Avian influenza virus (AIV) currently causes a panzootic with extensive mortality in wild birds, poultry, and wild mammals, thus posing a major threat to global health and underscoring the need for efficient monitoring of its distribution and evolution. Here, we utilized a well-defined AIV strain to systematically investigate AIV characterization through rapid, portable nanopore sequencing by (i) benchmarking the performance of fully portable RNA extraction and viral detection; (ii) comparing the latest DNA and RNA nanopore sequencing approaches for in-depth AIV profiling; and (iii) evaluating the performance of various computational pipelines for viral consensus sequence creation and phylogenetic analysis.
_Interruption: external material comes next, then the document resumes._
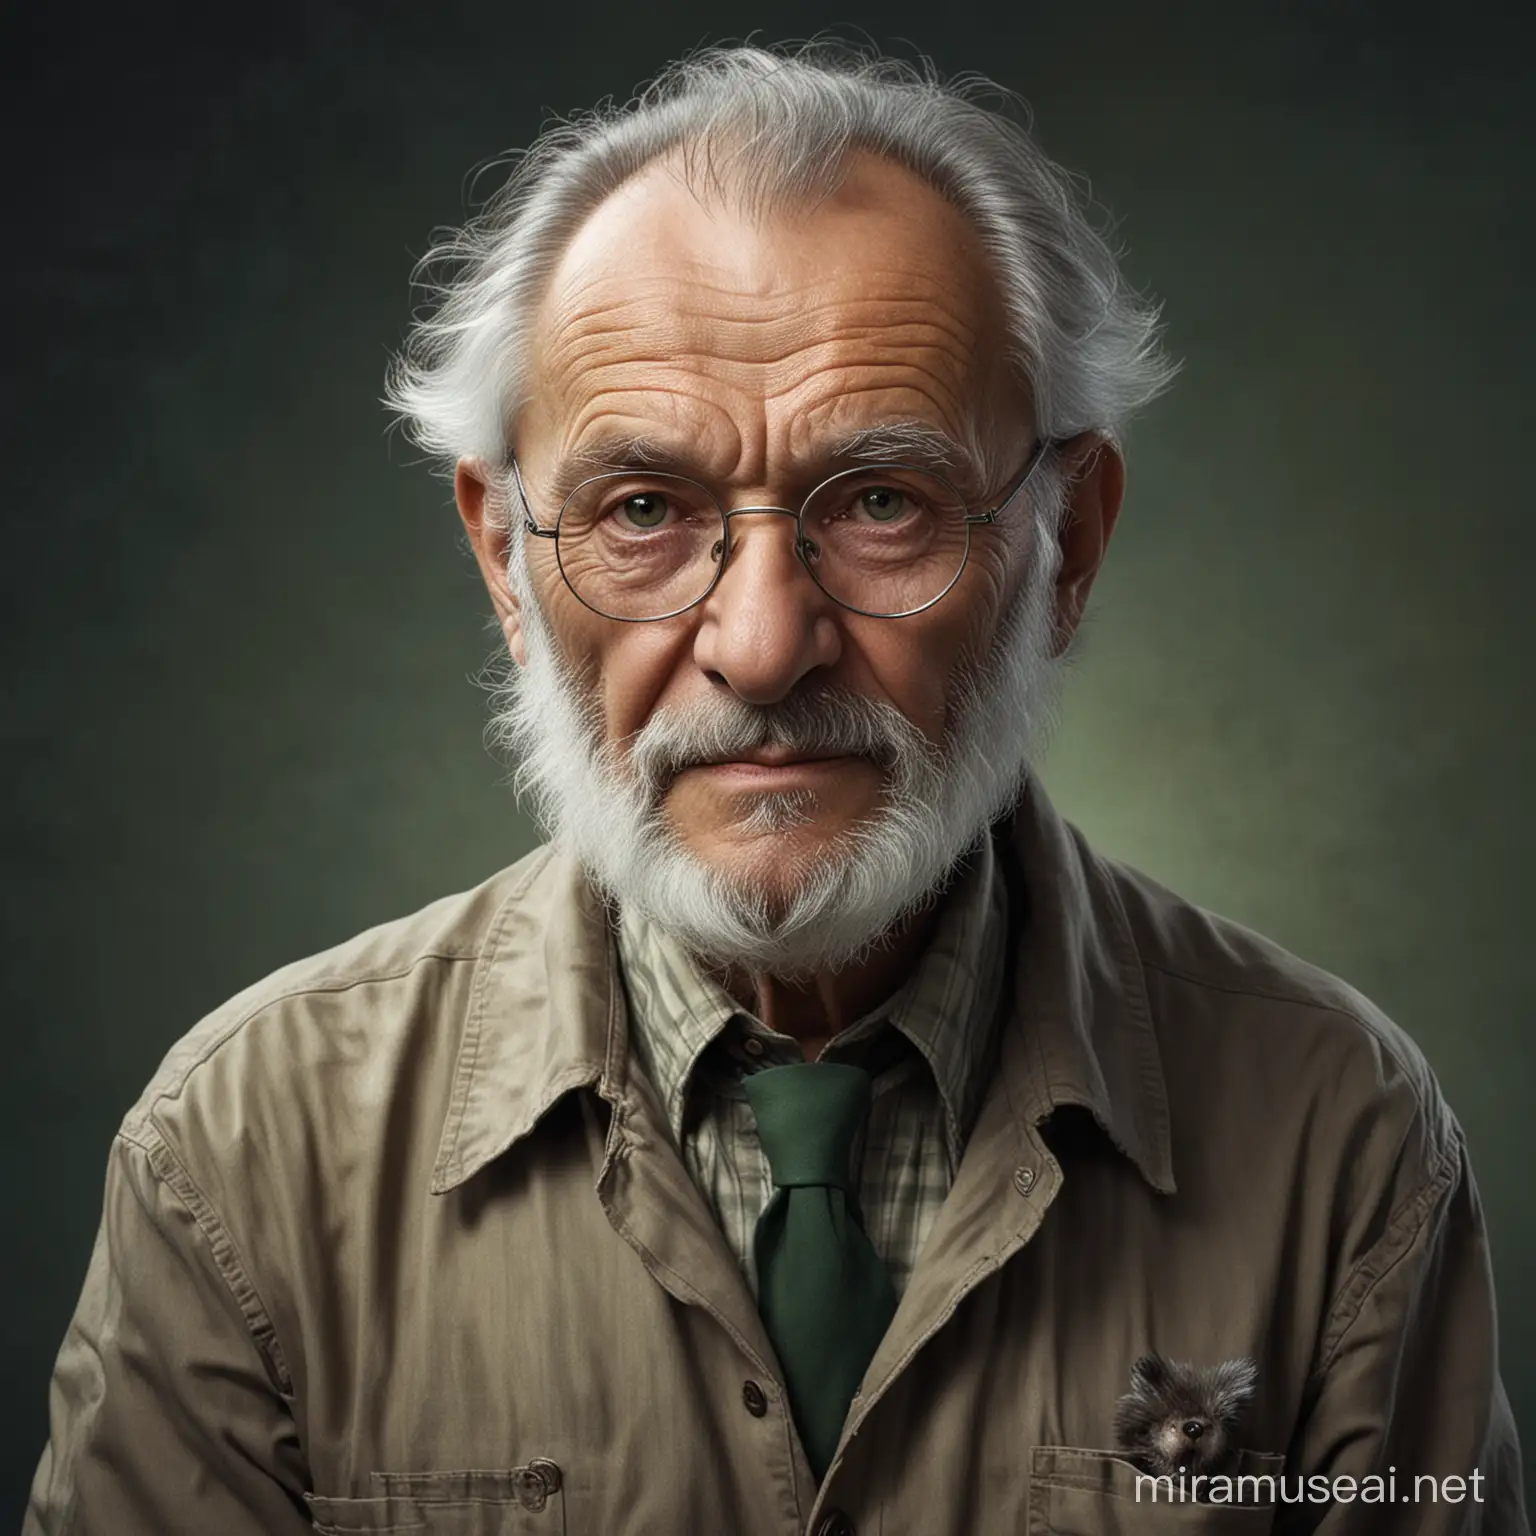 Elderly Biologist Resembling a Wise Wolf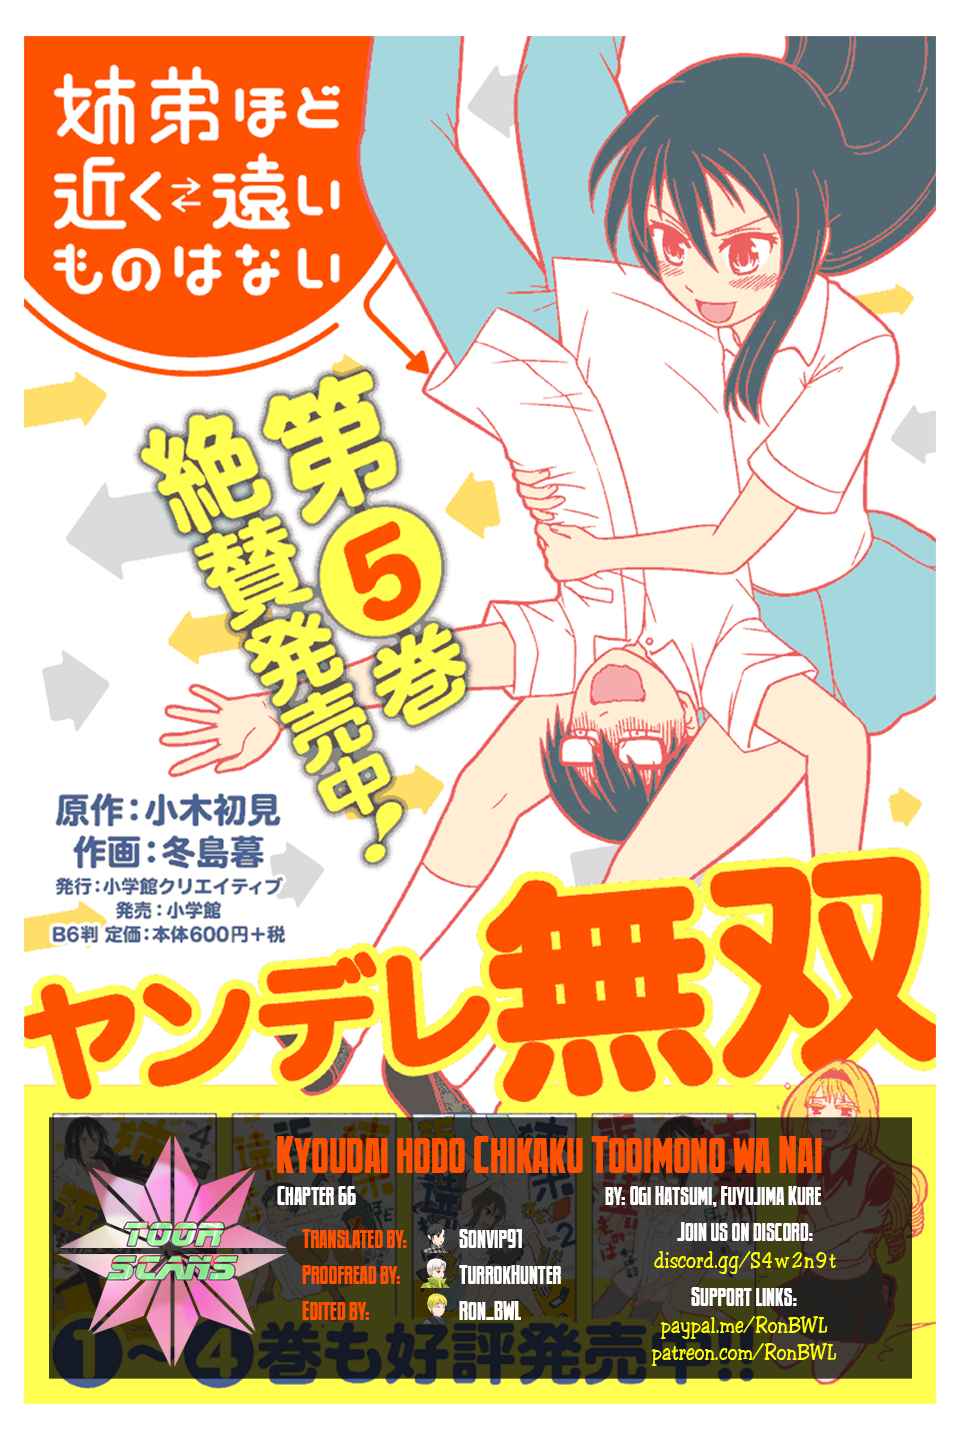 Kyoudai hodo Chikaku Tooimono wa Nai Vol. 5 Ch. 66 Everything's been prepared as Mai chan wants (Part 1)

Our results show that the latest RNA-specific nanopores can accurately genomically profile AIV from native RNA while additionally detecting RNA epigenetic modifications. We further identified an optimal laboratory and bioinformatic pipeline for reconstructing viral consensus genomes from nanopore sequencing data at various rarefaction thresholds, which we validated by application to real-world environmental samples for AIV monitoring in livestock.

Author Summary

We tested portable, rapid, and easy-to-use technology to obtain more information about the potentially zoonotic RNA virus avian influenza virus, or AIV. AIV has spread globally via the migratory paths of wild birds, and endangers domestic birds, mammals, and human populations given past evidence of infections of different animal species. We here used novel genomic technology that is based on nanopores to explore the genomes of the virus; we established optimized ways of creating the viral genome by comparing different laboratory and computational approaches and the performance of nanopores that either sequence the viral RNA directly or the converted DNA. We then applied the optimized protocol to dust samples which were collected from a duck farm in France during an AIV outbreak. We showed that we were able to use the resulting data to reconstruct the relationship between the virus responsible for the outbreak and previously detected AIV. Altogether, we showed how novel easy-to-use genomic technology can support the surveillance of potentially zoonotic pathogens by accurately recreating the viral genomes to better understand evolution and transmission of these pathogens.